The list of suspects for who killed federalism is long and, like Murder on the Orient Express, they all did it.  John Howard and the High Court he appointed head the list, having initiated and facilitated, respectively, the greatest centralisation of power ever seen in Australia (although as Wayne Errington points out in his excellent short essay for Peter Van Onselen’s Liberals & Power, Howard’s centralism was pragmatic and driven by an activist agenda, not as an end in itself).  Labor governments, particularly in NSW, have seriously damaged the state government brand through poor management and under-investment.  Labor and the Coalition party machines are also responsible, serving up poor-quality MPs at state level and, in the Liberals’ case, being unable to maintain internal unity.

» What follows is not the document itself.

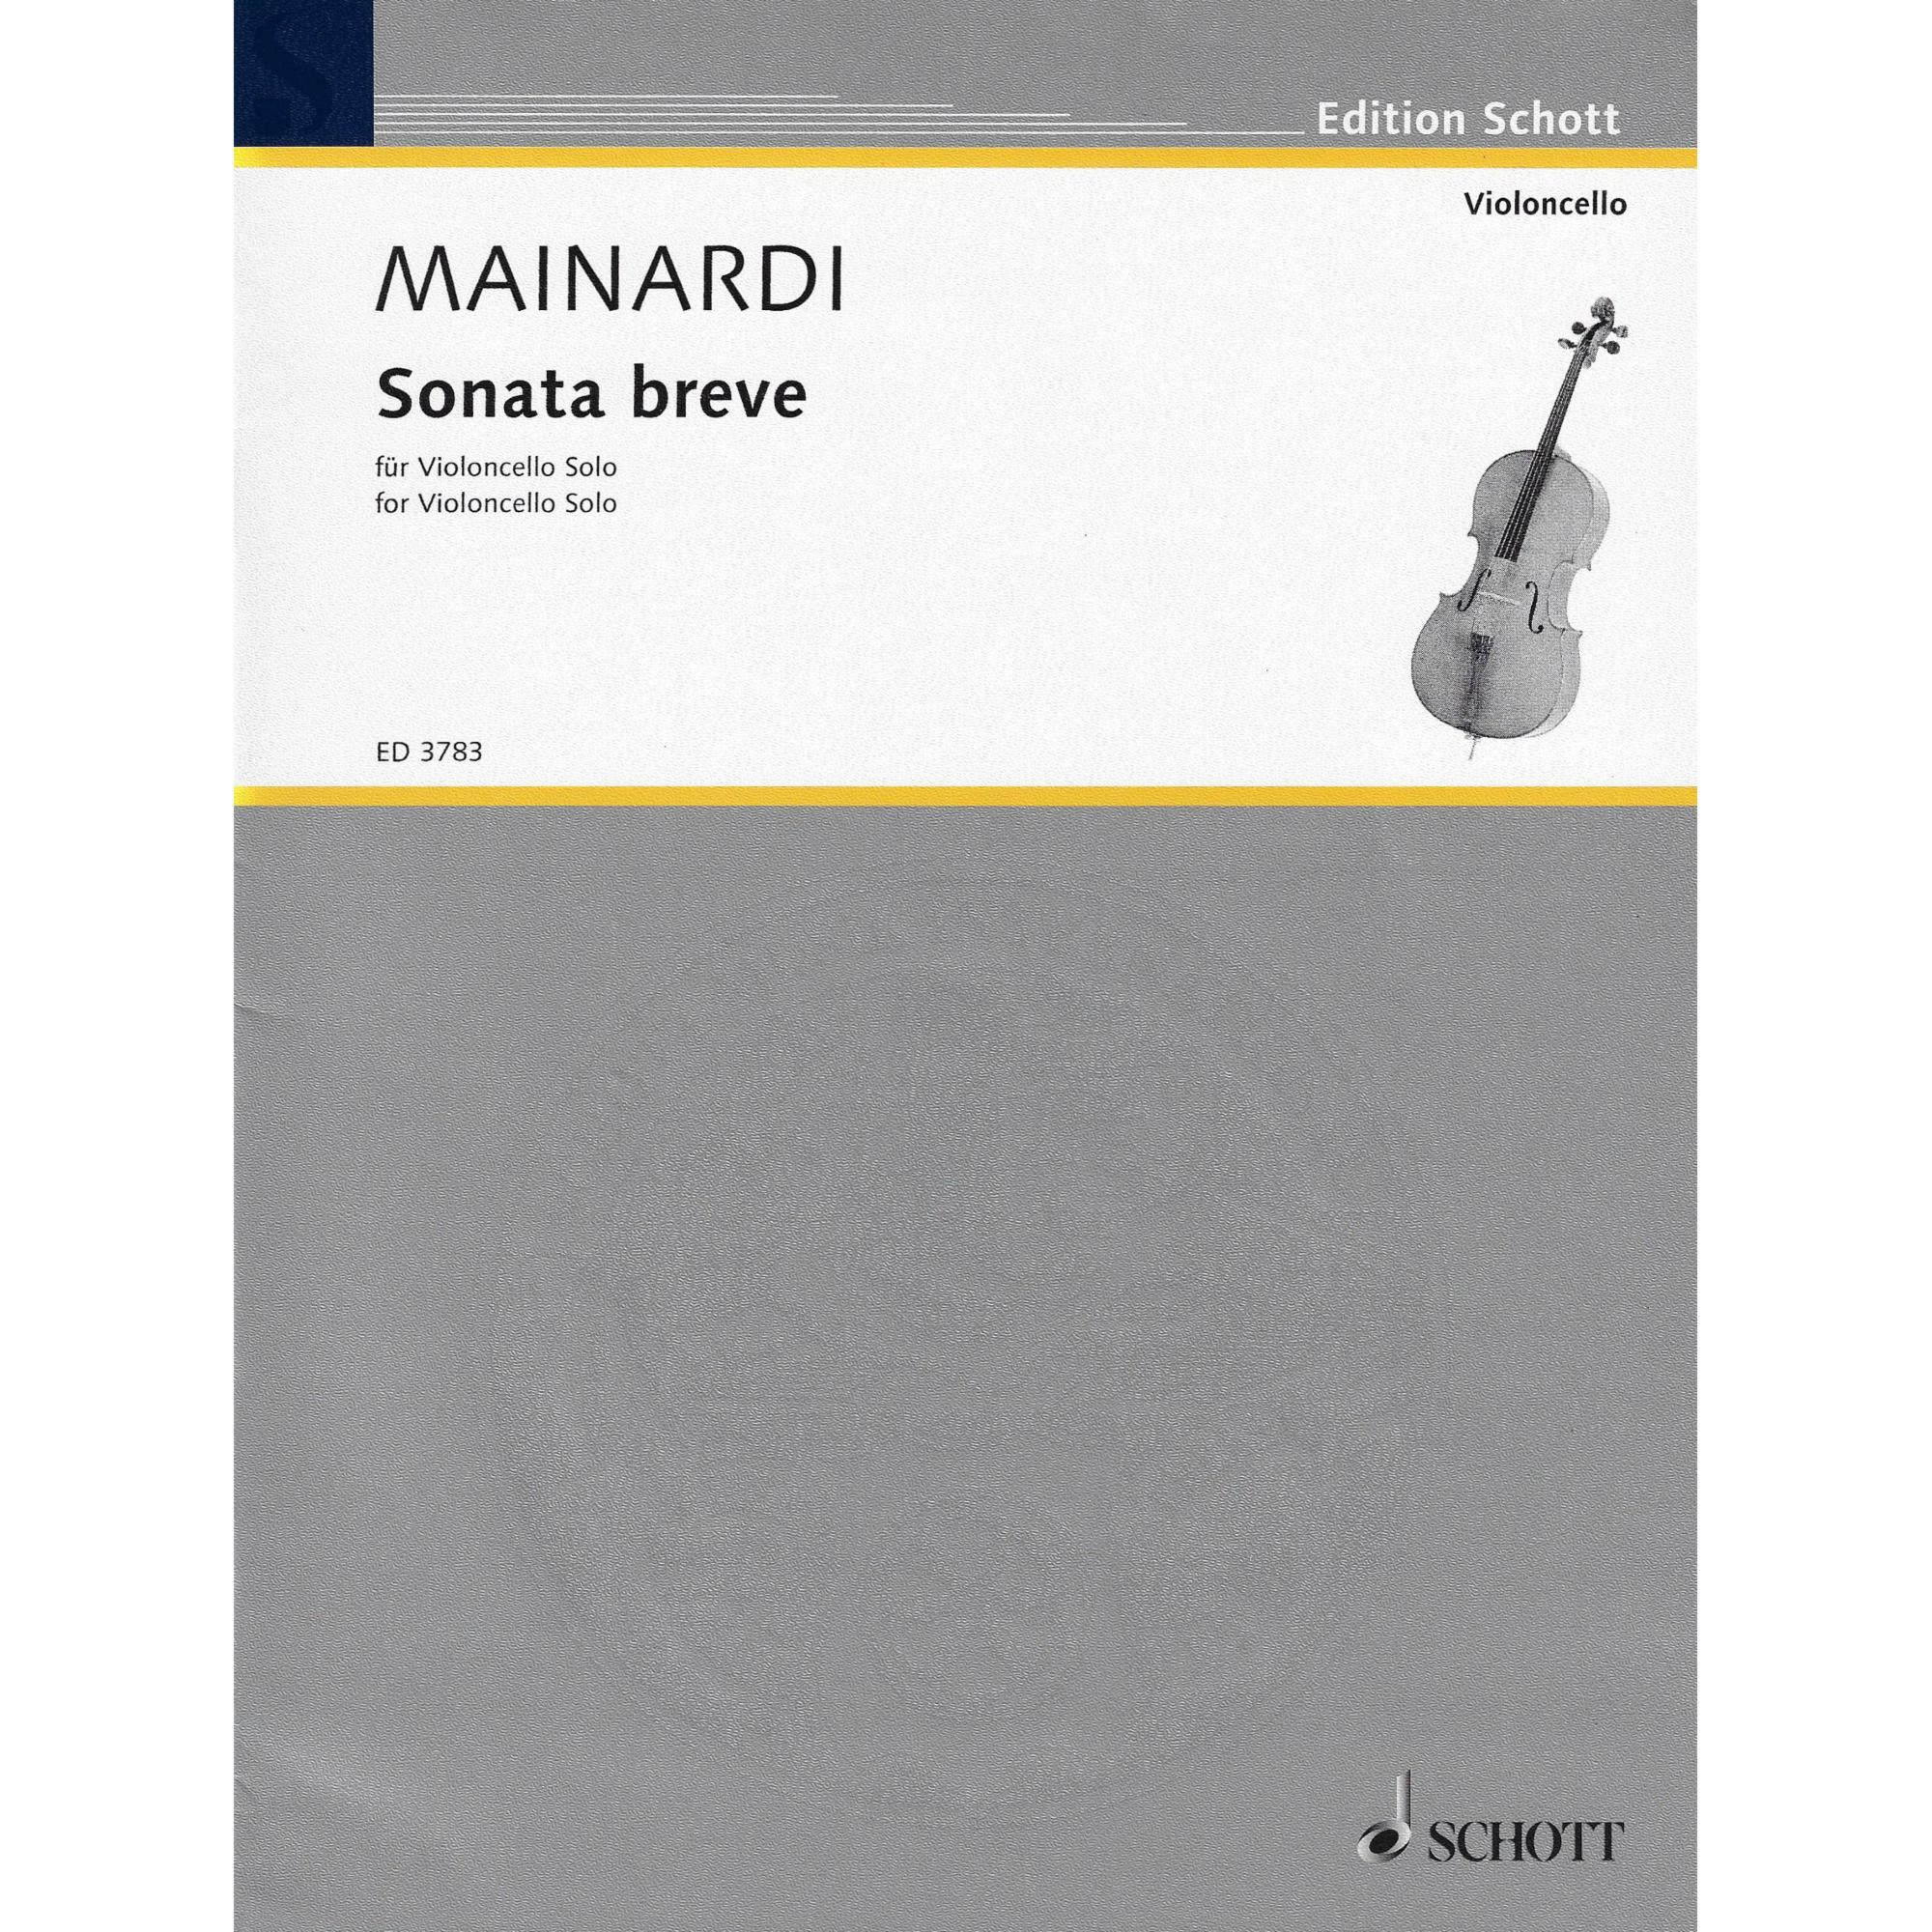 Mainardi -- Sonata breve for Solo Cello

And ultimately the commitment of both sides of politics to economic reform and reducing costs for business has inevitably led to the push to harmonise regulatory and taxation frameworks across the country.

Those few remaining federalists holed up in backwoods shacks with rifles and canned food can’t look to Tony Abbott, either.  In his book Battlelines, the only area where Abbott seriously departs from John Howard is on federalism — and he thinks Howard didn’t go far enough.  Then again, Abbott has the commendable trait of changing his mind regularly on fundamental issues, so he may yet turn out to be a determined states’ rightist.

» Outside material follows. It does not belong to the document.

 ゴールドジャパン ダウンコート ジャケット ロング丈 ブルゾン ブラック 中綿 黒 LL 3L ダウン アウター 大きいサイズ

Don’t get your hopes up for “health reform” — and the term should be used very loosely — yielding major health benefits or even the sort of dynamic economic benefits that, as Andrew Podger has noted, should flow from eliminating or reducing multiple government funders of health programs.  No one has clean hands in this process.  If you were sickened by the sight of big polluters coming in for their chop on the CPRS, wait til you see state governments lining up to insist they need more funding. Victoria has already done it, insisting there be no actual reform, just more money for it. And the health sector, led by the doctor’s union, will mobilise to grab a share of any extra funding that may be going.

Nor is Kevin Rudd coming to this process with honest intentions, given the  health debate is the outcome of his political strategy to damage the Howard Government while in Opposition and he appears determined to manufacturer a showdown with unpopular state governments on an issue where the public is convinced they’ve been poorly served locally.  To this end, the more the states scream blue murder, the better for Rudd.

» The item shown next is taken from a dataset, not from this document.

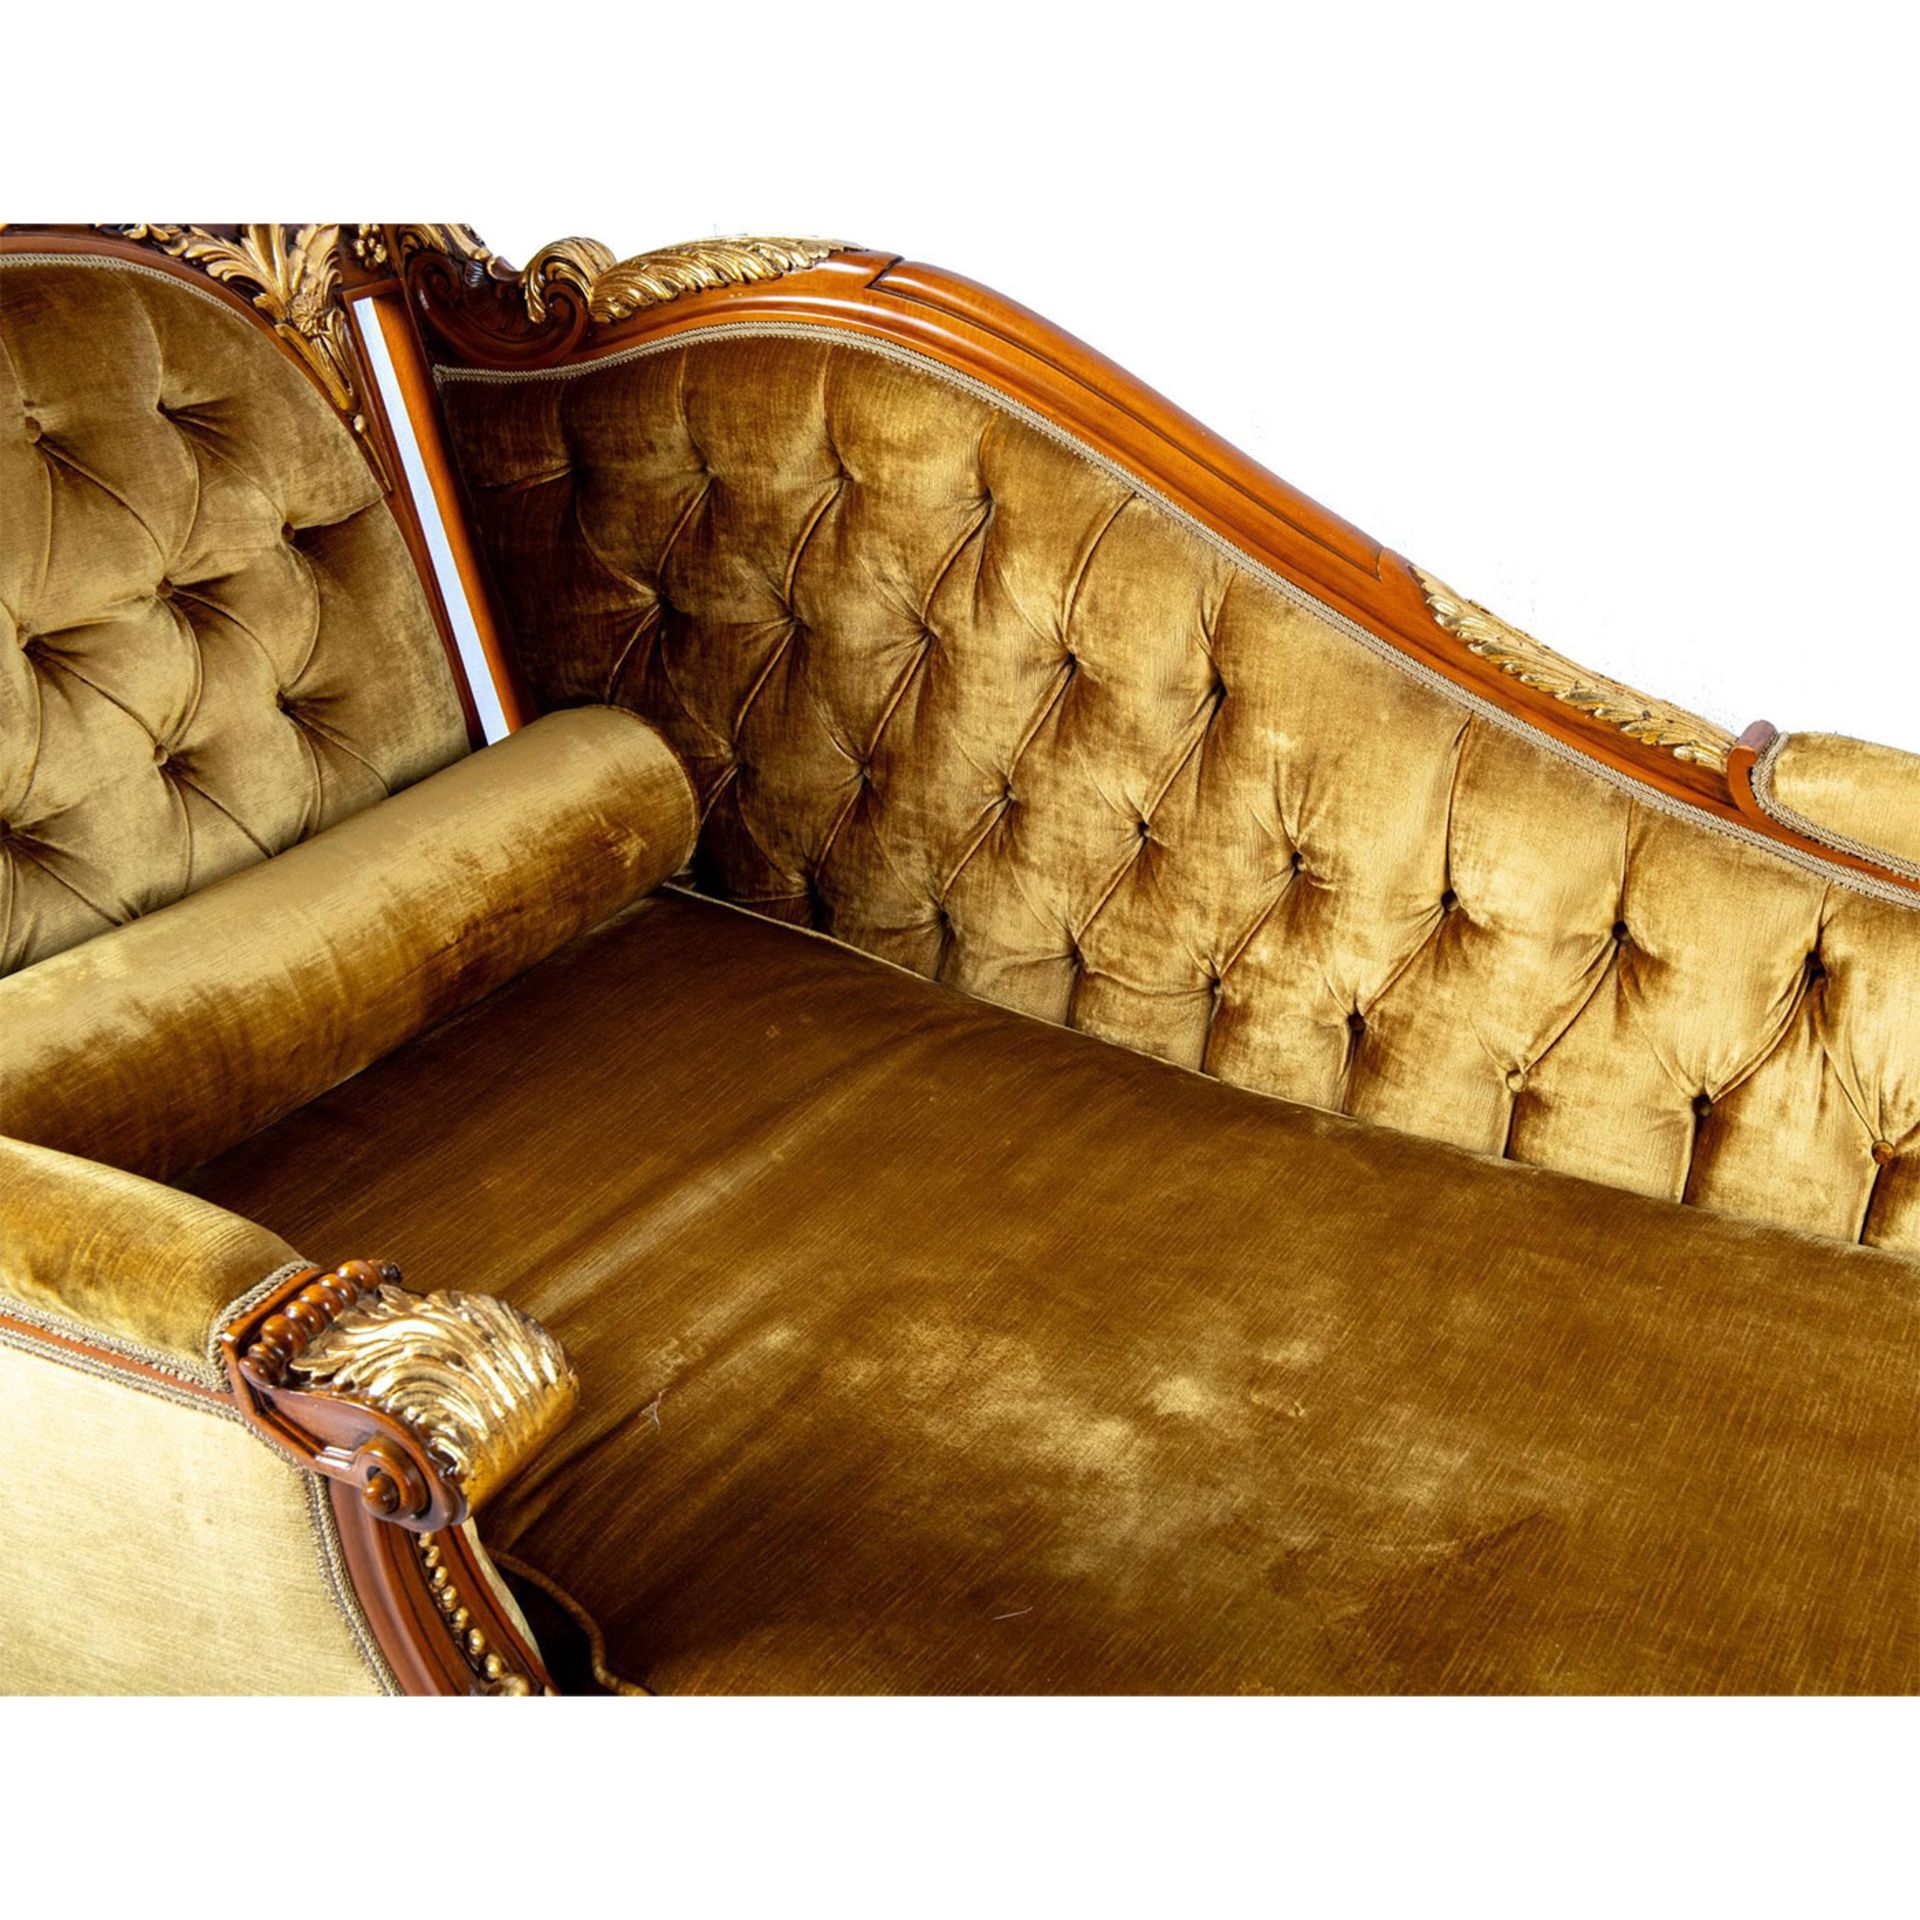 Lavish Baroque Style Chaise Lounge Sofa - Image 4 of 5

And Tony Abbott appears to have changed his mind on health centralisation and, having championed it when Health Minister, now seems set to oppose the Government’s proposals, regardless of what they actually are — apparently there has been an entire turnover of public servants in the past two years, and all the ones who effectively ran Abbott’s programs when he was Minister for Health have been supplanted by bungling Labor incompetents. This means any good policy that might accidentally emerge from the scrum of rentseekers, vested interests and politicians on the make will be opposed in the Senate, bringing that lunatic Steve Fielding into play.

You’ve seen all the tricks and scams before during the ETS debate — the threats and pleas, the dodgy “independent modelling”, the self-interest disguised as the public interest, all run through a compliant media.  Only this time all the participants pretend that they’re deeply concerned about Australians’ health and wellbeing.